This isn’t an attack on SNAP. It’s not about disrespecting the benefits themselves — it’s about the truth behind the system.


With the recent furloughs and reductions of monthly food benefits, many families are in panic. How will they feed their children? What happens when the card stops working? SNAP has become a lifeline — but also a leash. Too many of us have made no preparation for its discontinuance, let alone for a disaster where we’d have to feed ourselves.


And in times of conflict, we always have to ask the real questions: What do we do now? What got us here? What are we supposed to learn?


The Reality That Hit Home


This hit me while brainstorming how The Bloodline could help our local communities — the same ones we volunteer in daily, the same families who’ve used their SNAP benefits to bring burgers and hot dogs to youth events, or to fill coolers with Hug juices for our children. Then it struck me:


Our people have lost nearly all knowledge of how to literally put food on the table.


And that is no small thing. A nation can’t thrive if its people no longer know how to feed themselves.


I’m not talking about working a 9-to-5 or buying groceries. I’m talking about our grandmothers’ farms — the tomatoes, okra, and cucumbers she grew — and our grandfathers’ trades — the way they hunted wild game like deer, hogs, and rabbits to feed whole families.


Most middle-aged and even senior folks among us don’t know how to do these things anymore. What used to be second nature to us is now a foreign language. Meanwhile, rural youth in small southern towns still grow up learning to plant, fish, and hunt — because their communities never let that knowledge die.

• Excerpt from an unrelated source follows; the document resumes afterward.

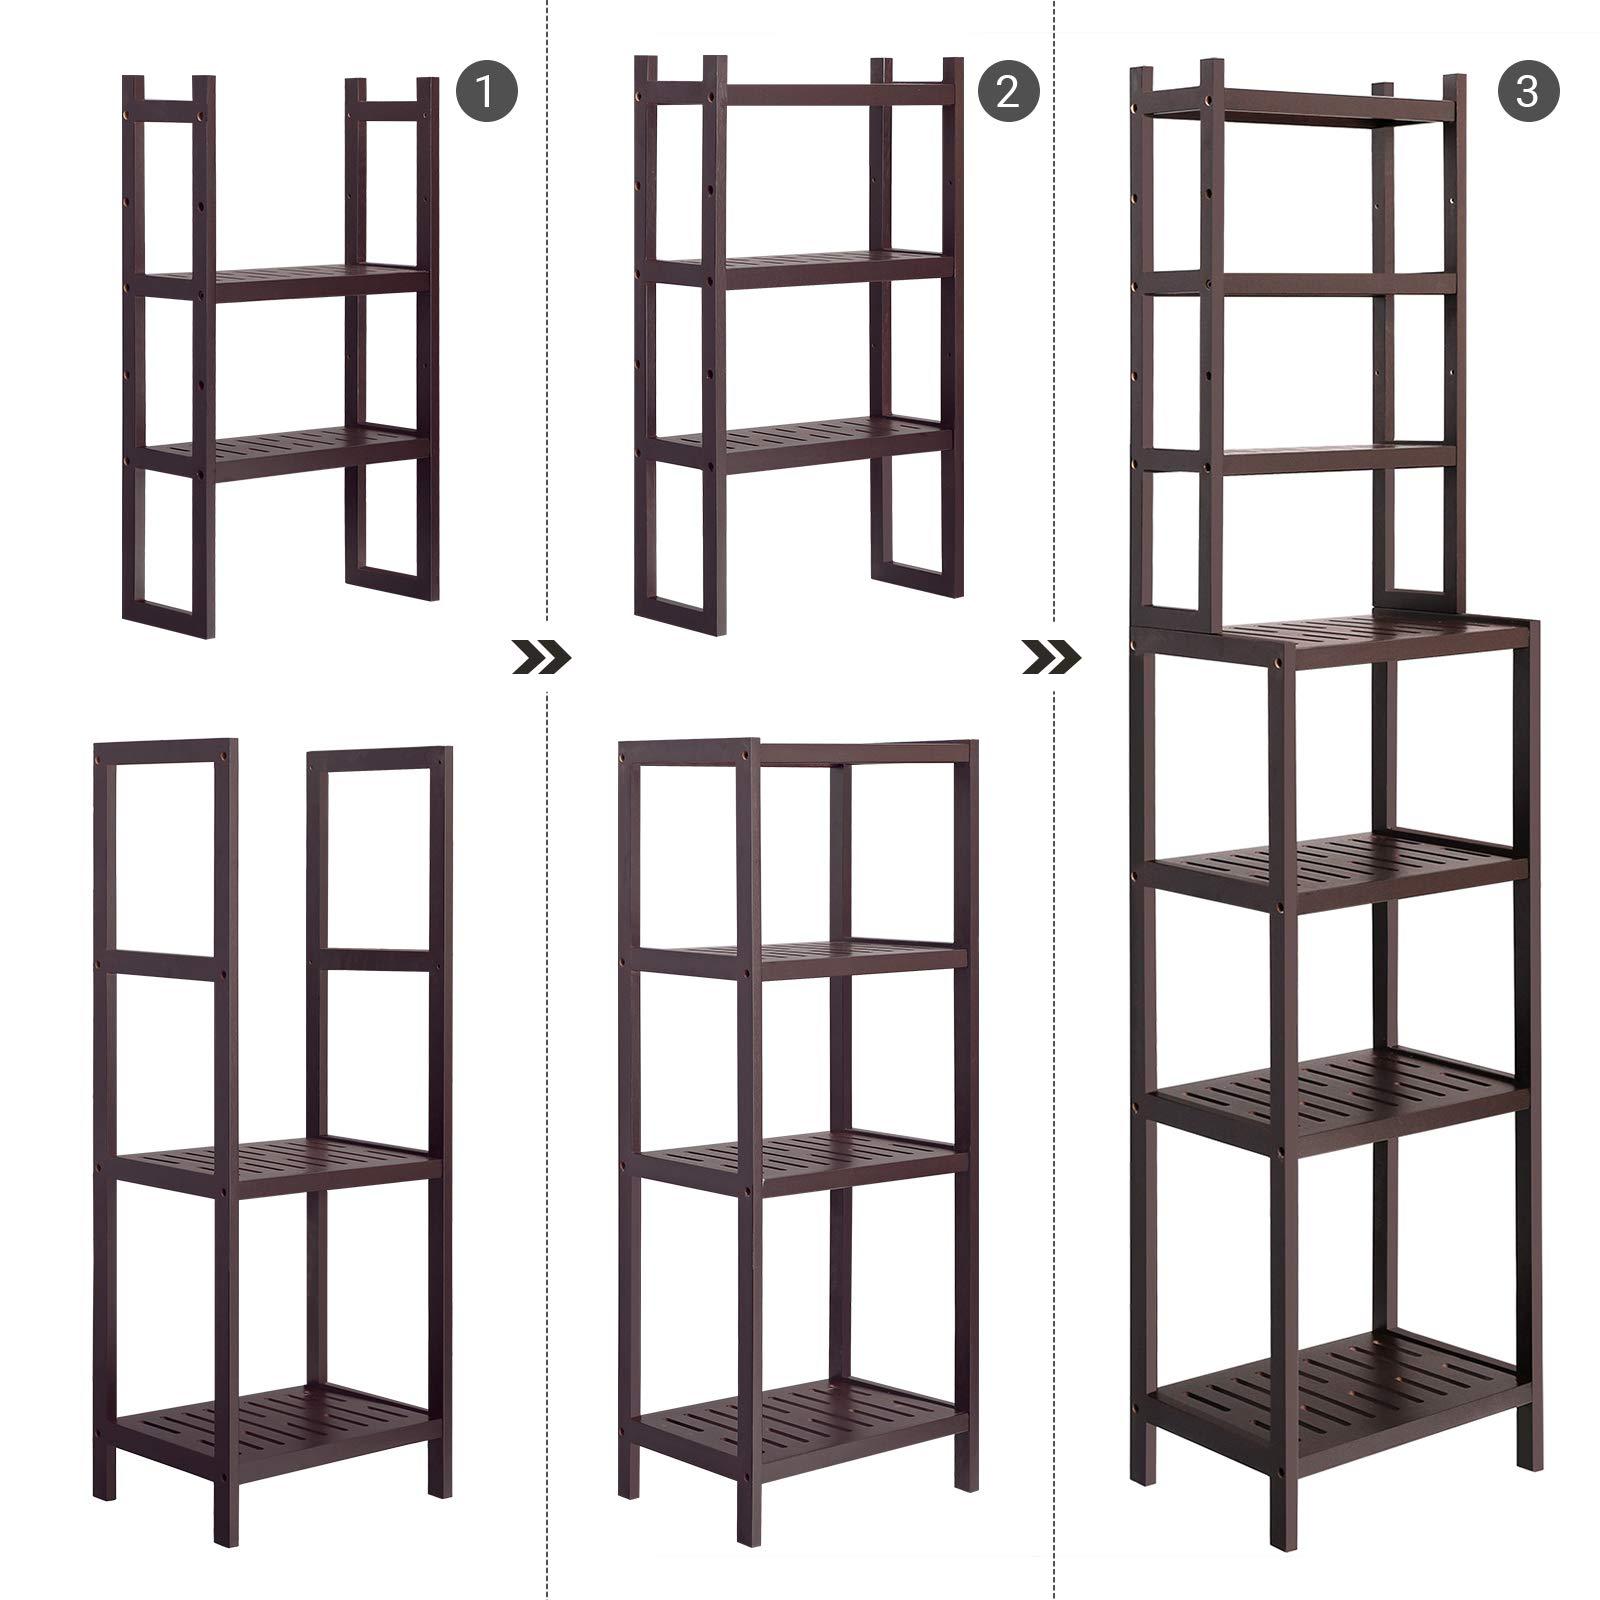 SONGMICS 7-Tier Bamboo Bathroom Shelf, 2-in-1 Design Adjustable Storage Rack, Free Standing Multifunctional Organizer, Shelving Unit for Washroom, Living Room, Kitchen, Brown UBCR01BR by SONGMICS (Image #9)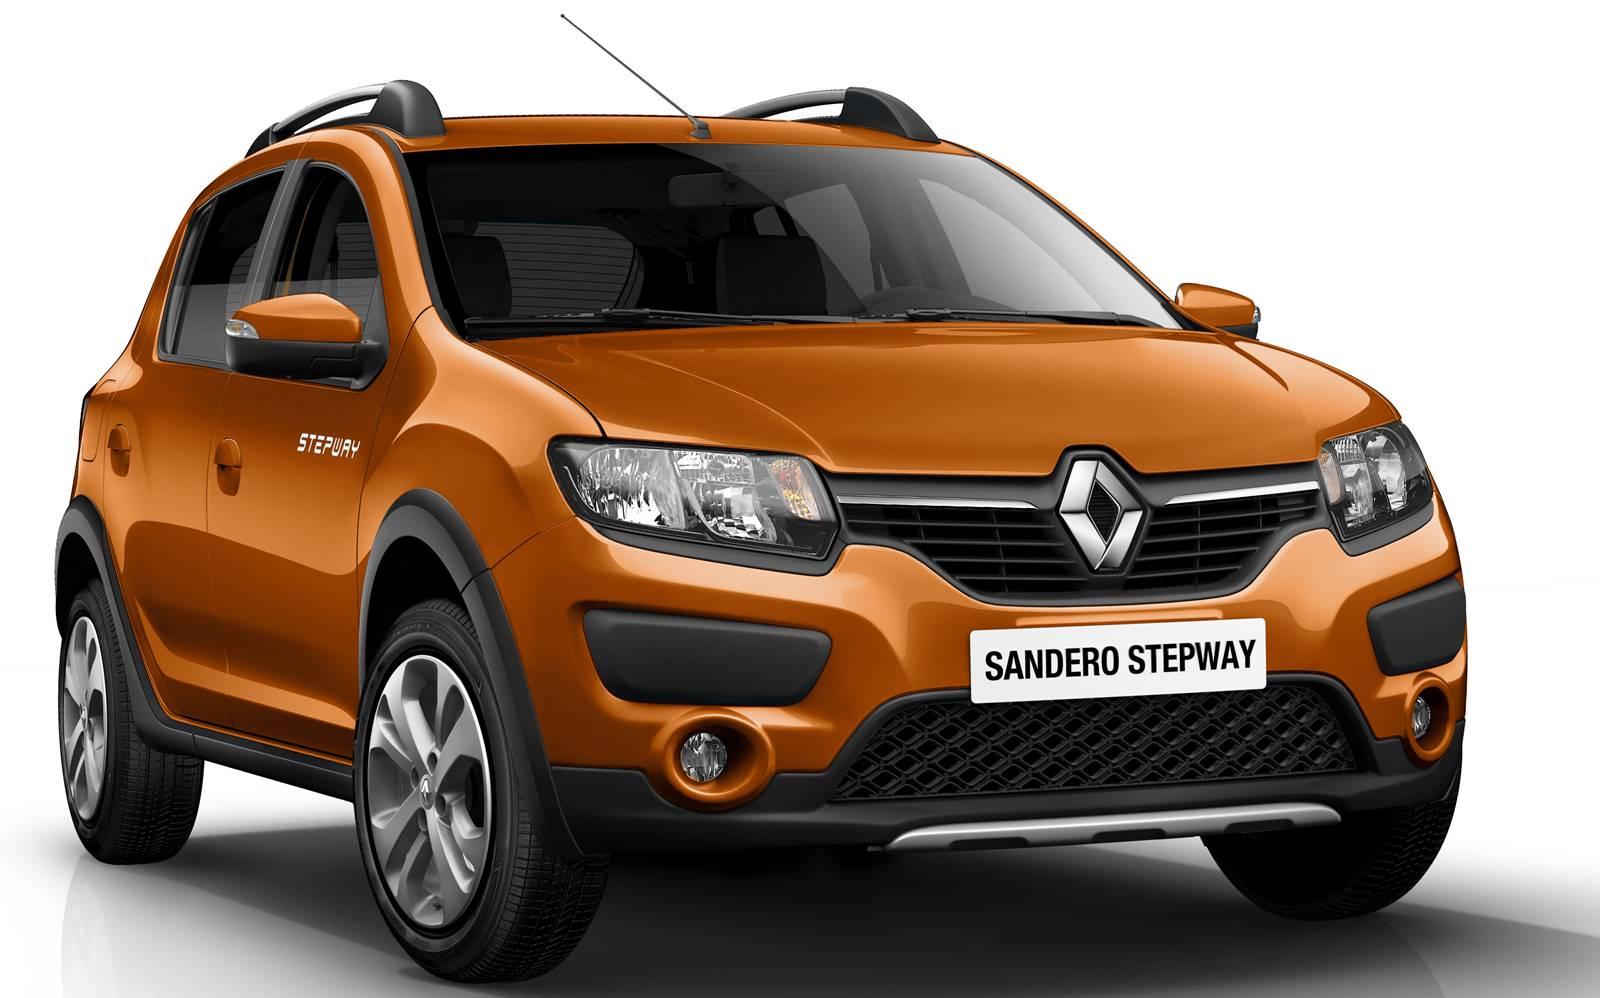 Renault Sandero Stepway 2015 http://www.cantinhojutavares.com

But in our cities, textbooks replaced our tools of survival. We’ve been trained to depend, not to produce.


How We Got Here


The truth is, this wasn’t by accident. These systems were designed to make us dependent — to remove our hands from the soil, our minds from self-sufficiency, and our value from our homes.


If food is easy to obtain, the Black man’s purpose gets questioned. The Black woman’s ancestral wisdom — the knowledge she carried long before slavery — gets replaced by convenience. And now, when that “provision” is threatened, we find ourselves lost.


We’ve forgotten how to survive. How far have we been removed from the very earth that sustained us?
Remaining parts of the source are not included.